**WHAT YOU WILL DO**
Your response should consist of the entire listing, transcribed exactly, with every image left out.

**GIVEN MATERIAL**
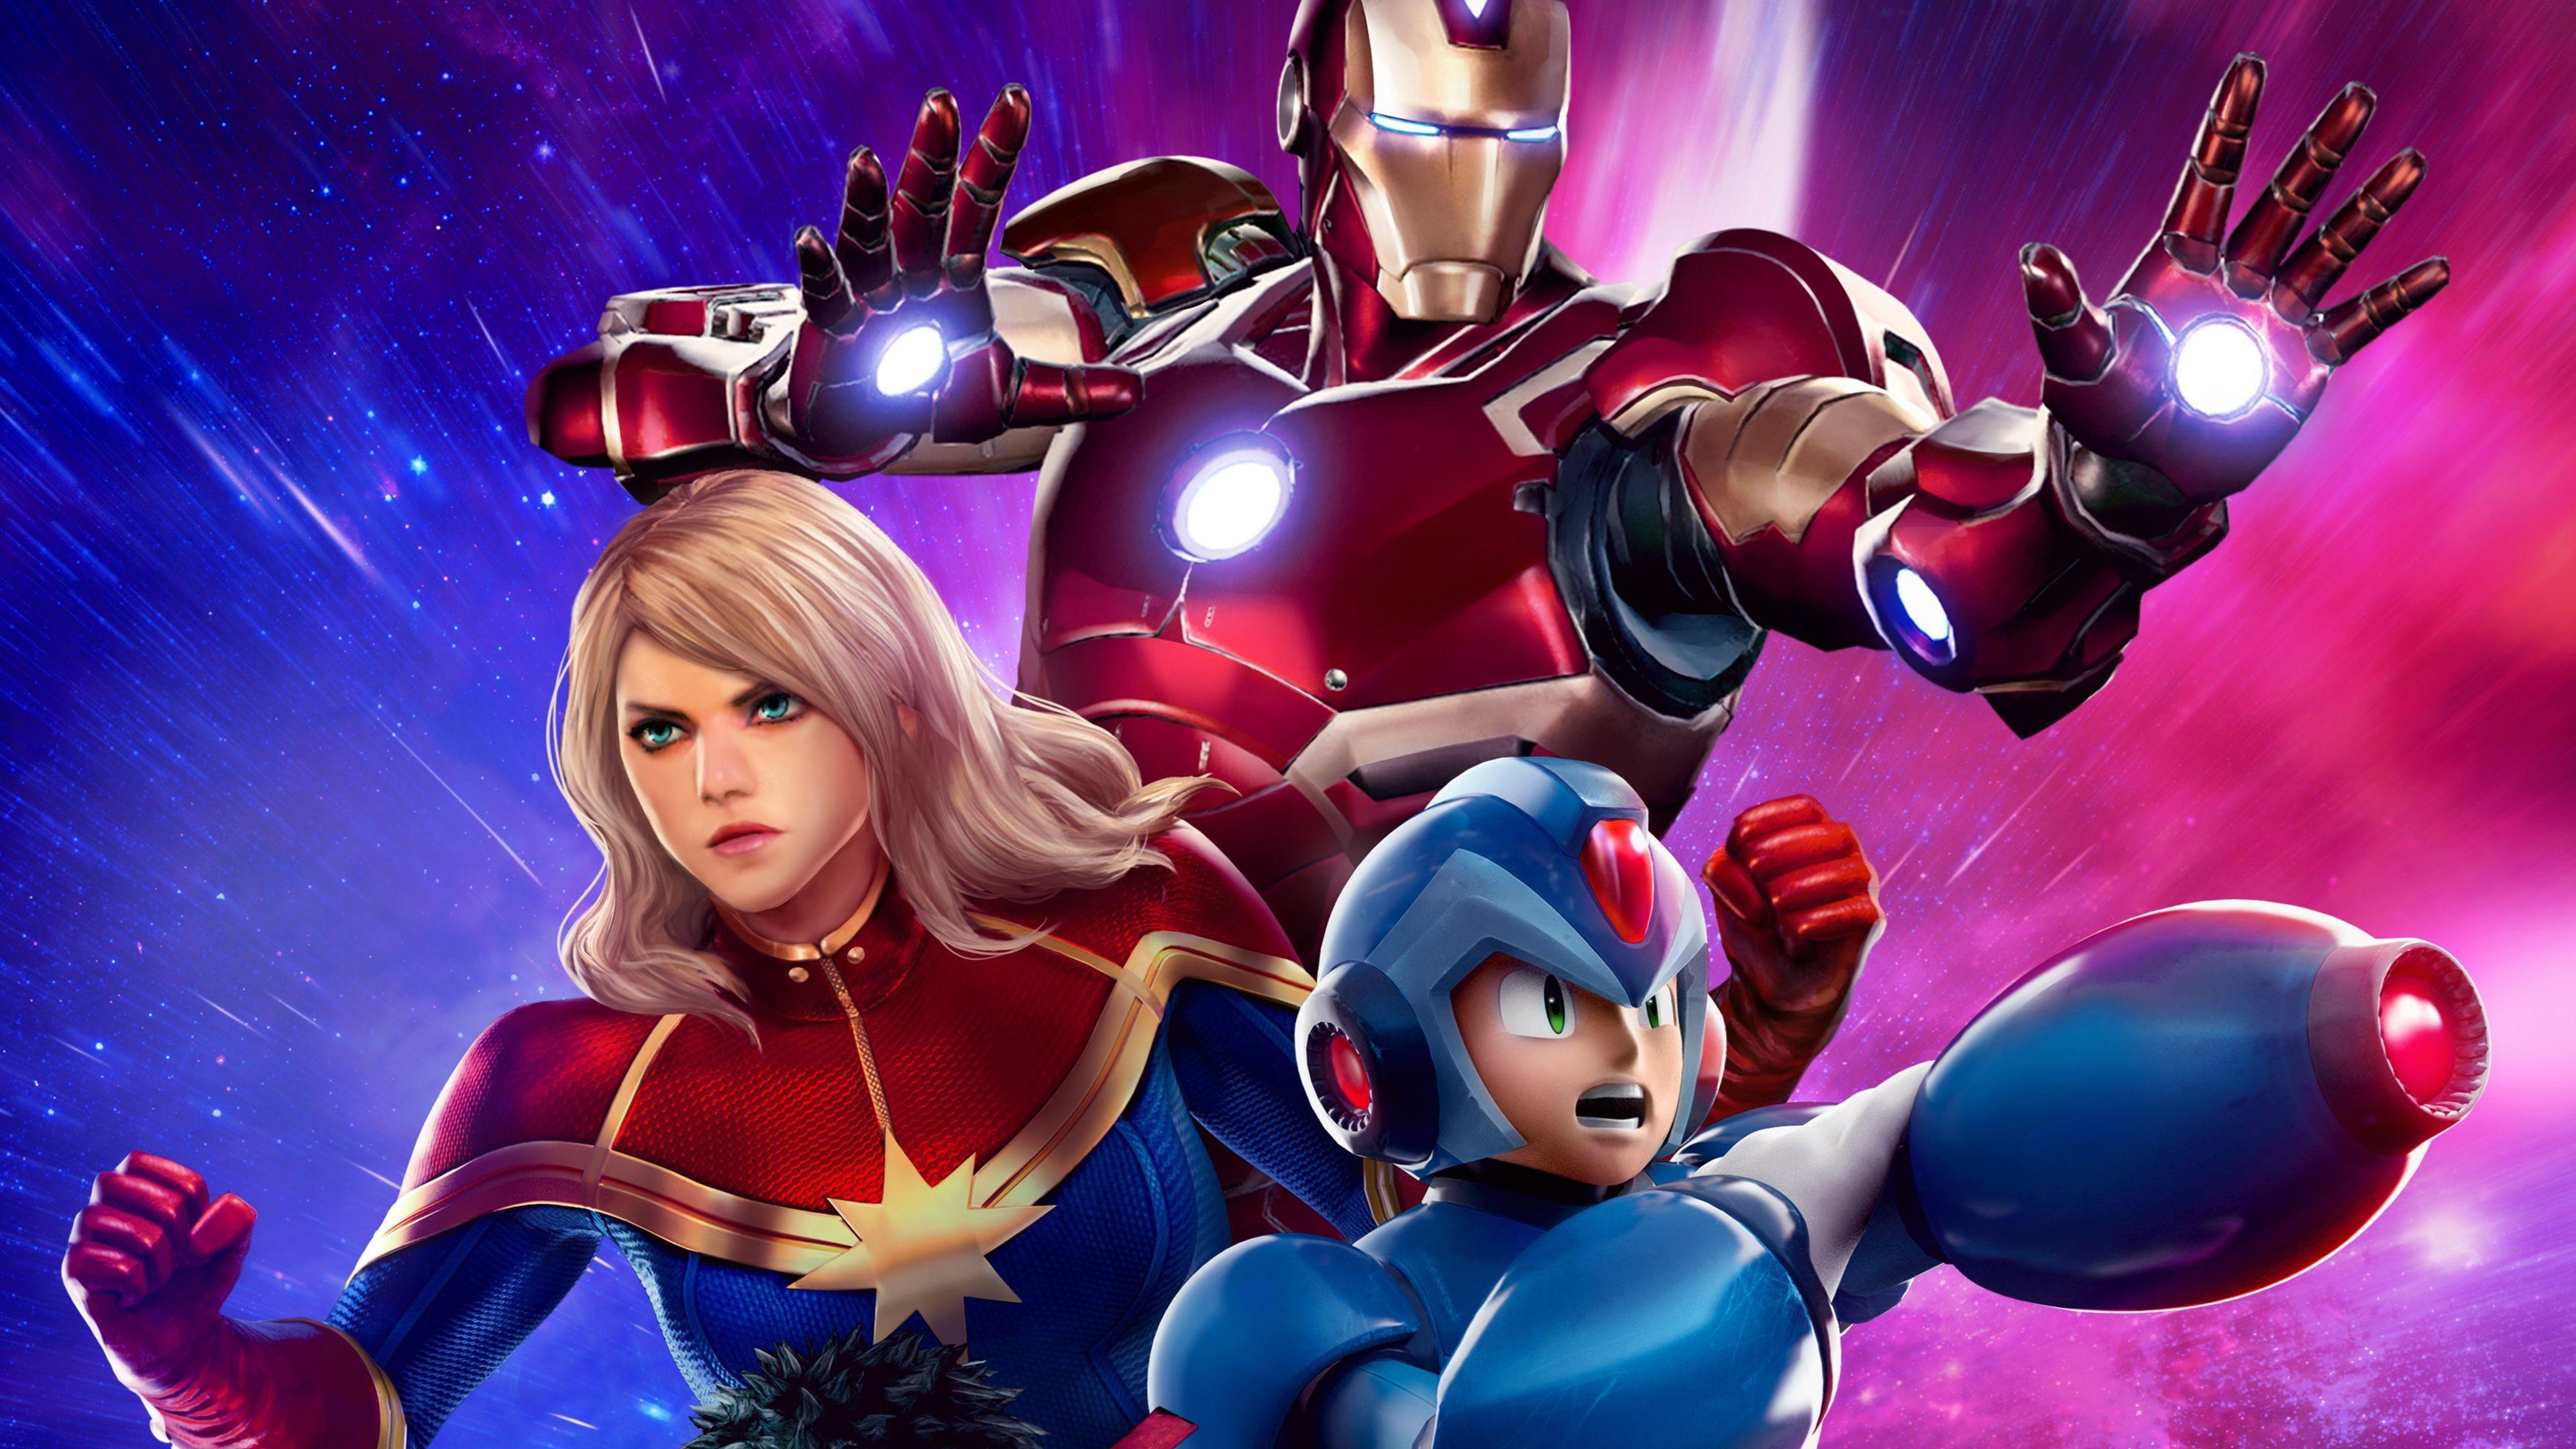 Hình ảnh Captain Marvel đẹp
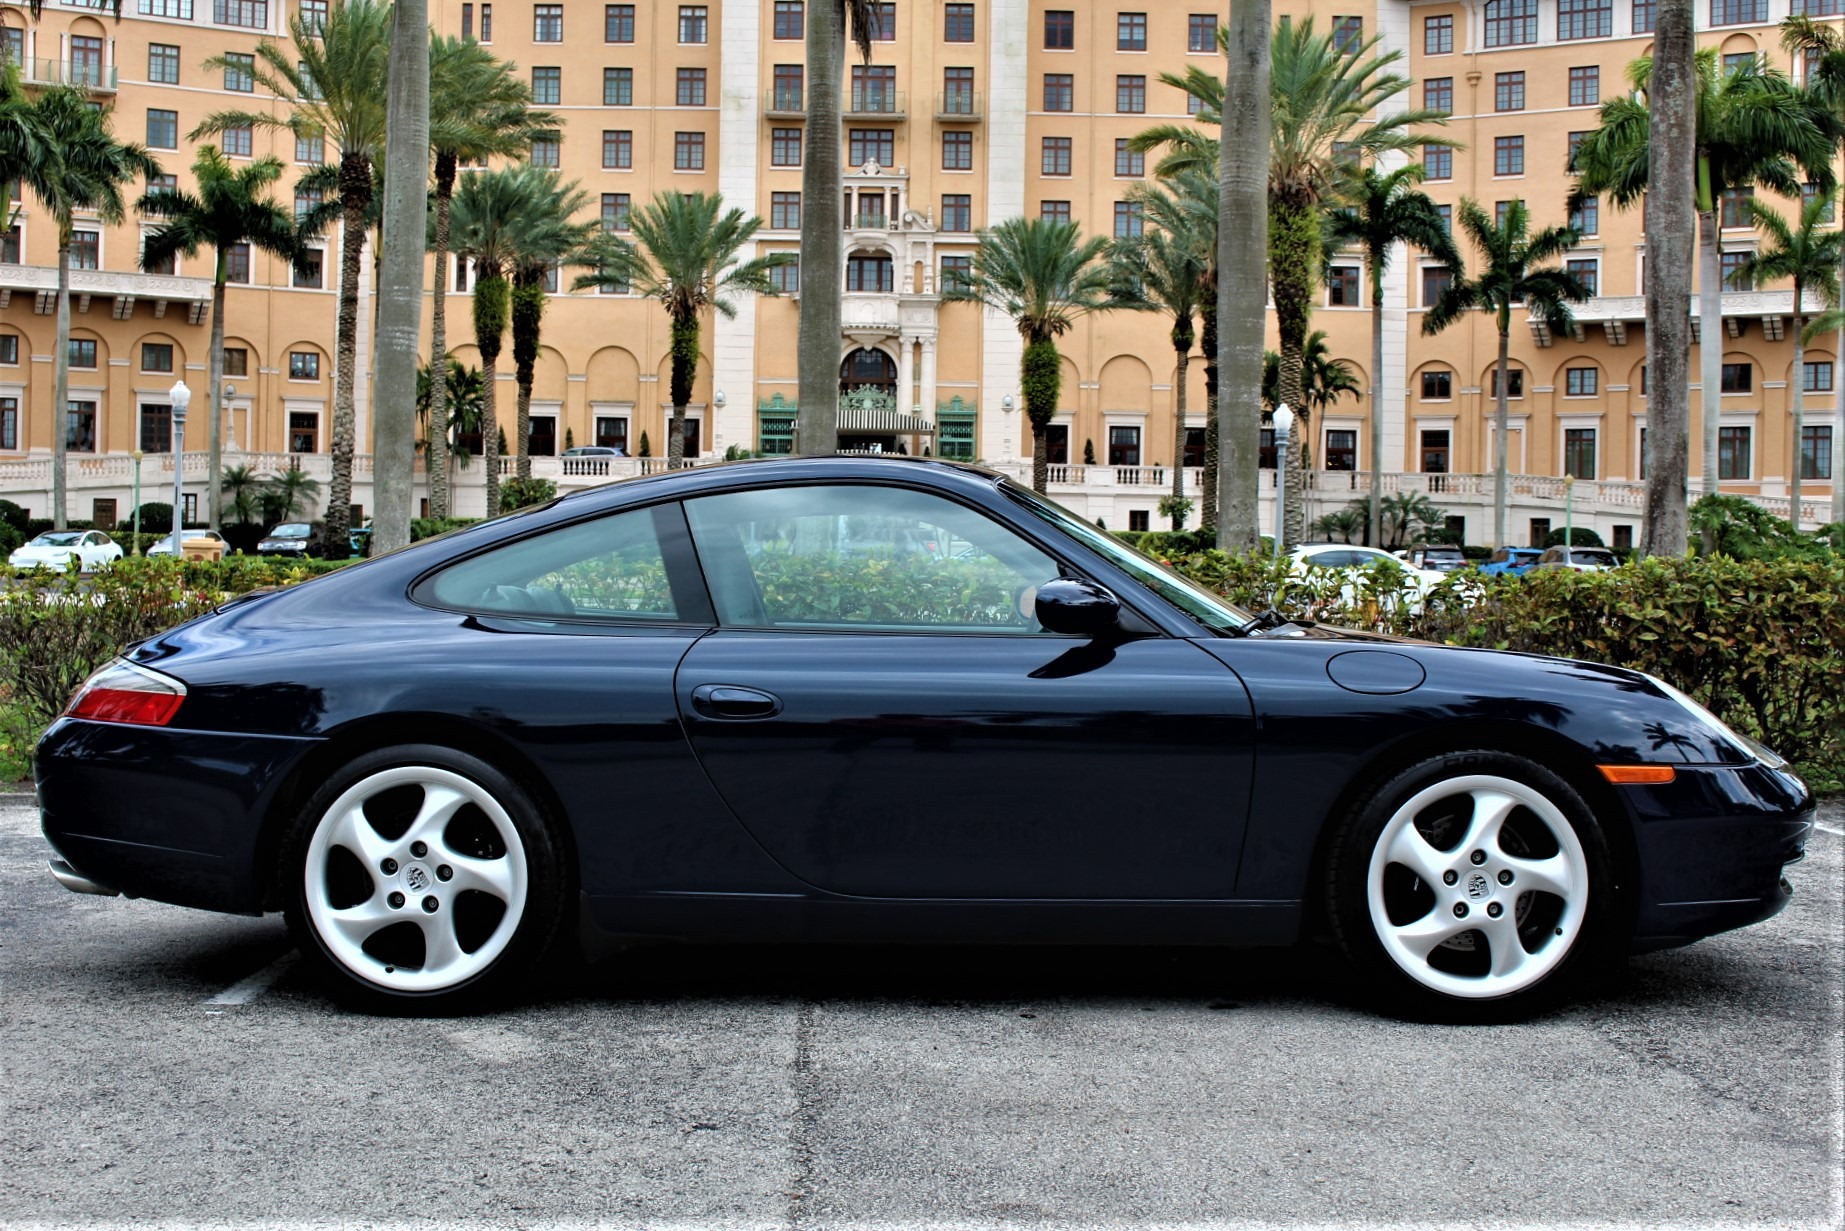 Used 2000 Porsche 911 Carrera for sale $39,850 at The Gables Sports Cars in Miami FL 33146 1
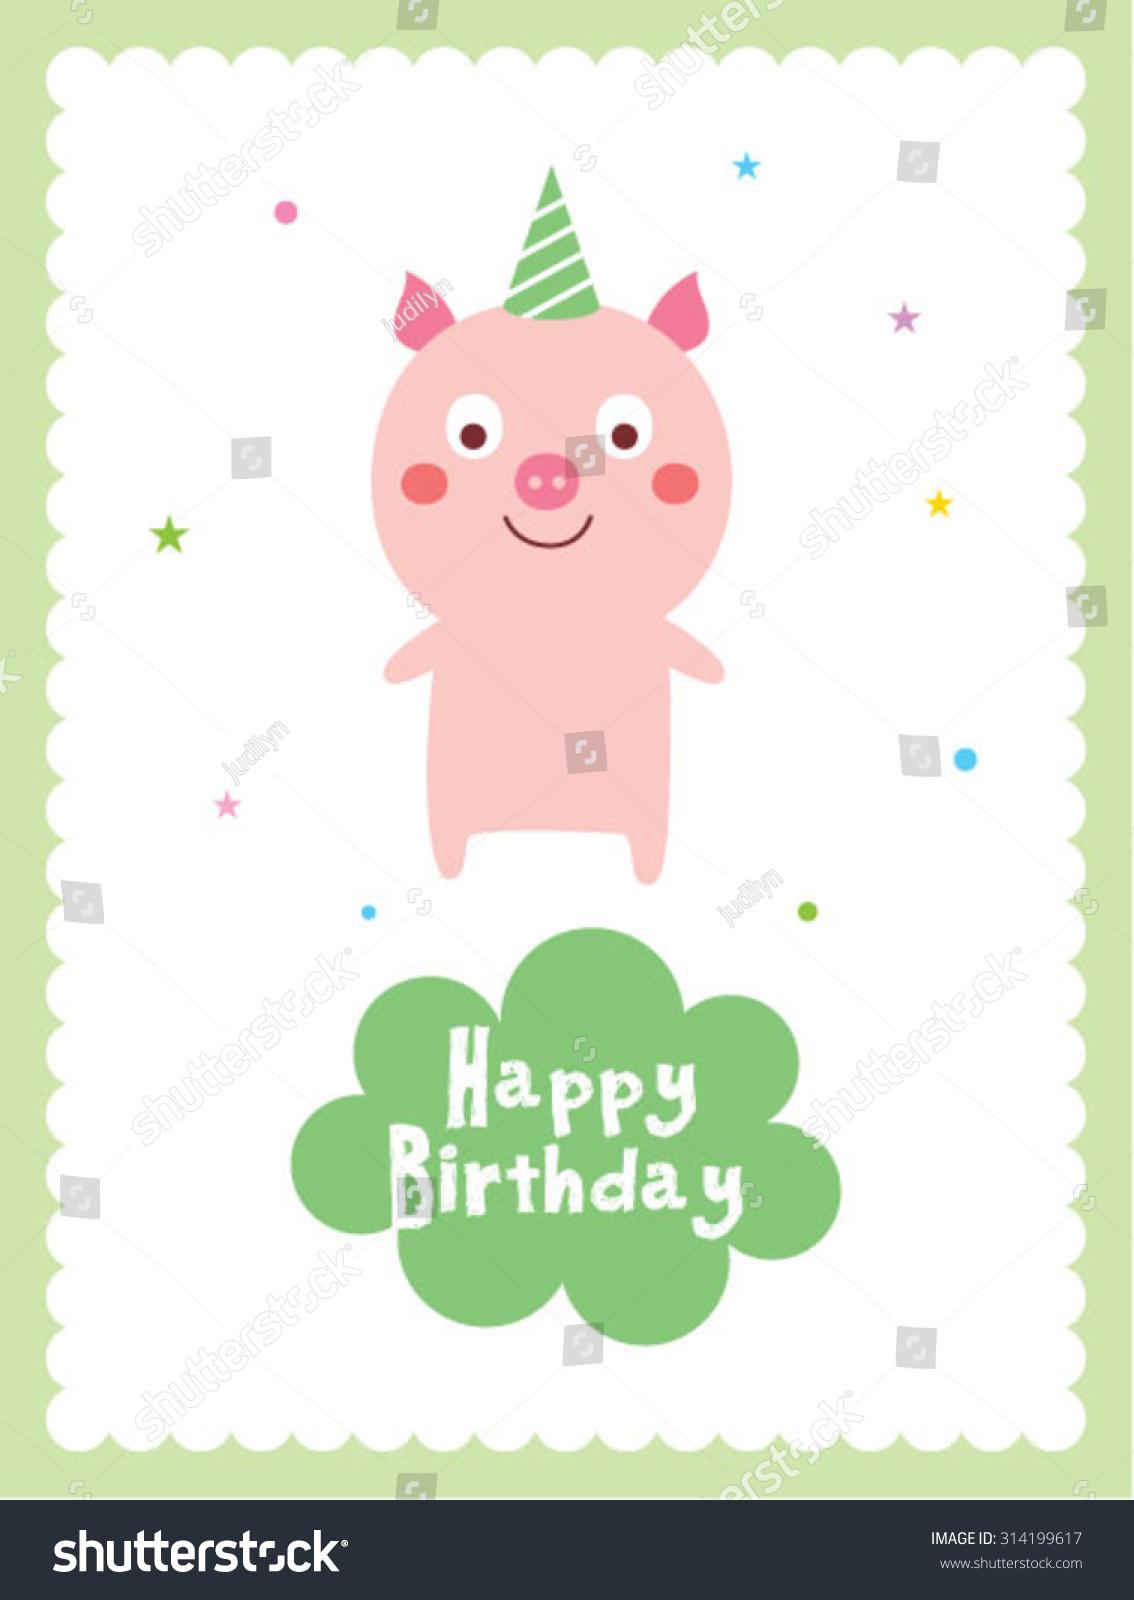 cute pig happy birthday card stock vector   shutterstock, Birthday card

**COMPLETED TASK**
 Hình ảnh Captain Marvel đẹp
 Used 2000 Porsche 911 Carrera for sale $39,850 at The Gables Sports Cars in Miami FL 33146 1
 cute pig happy birthday card stock vector   shutterstock, Birthday card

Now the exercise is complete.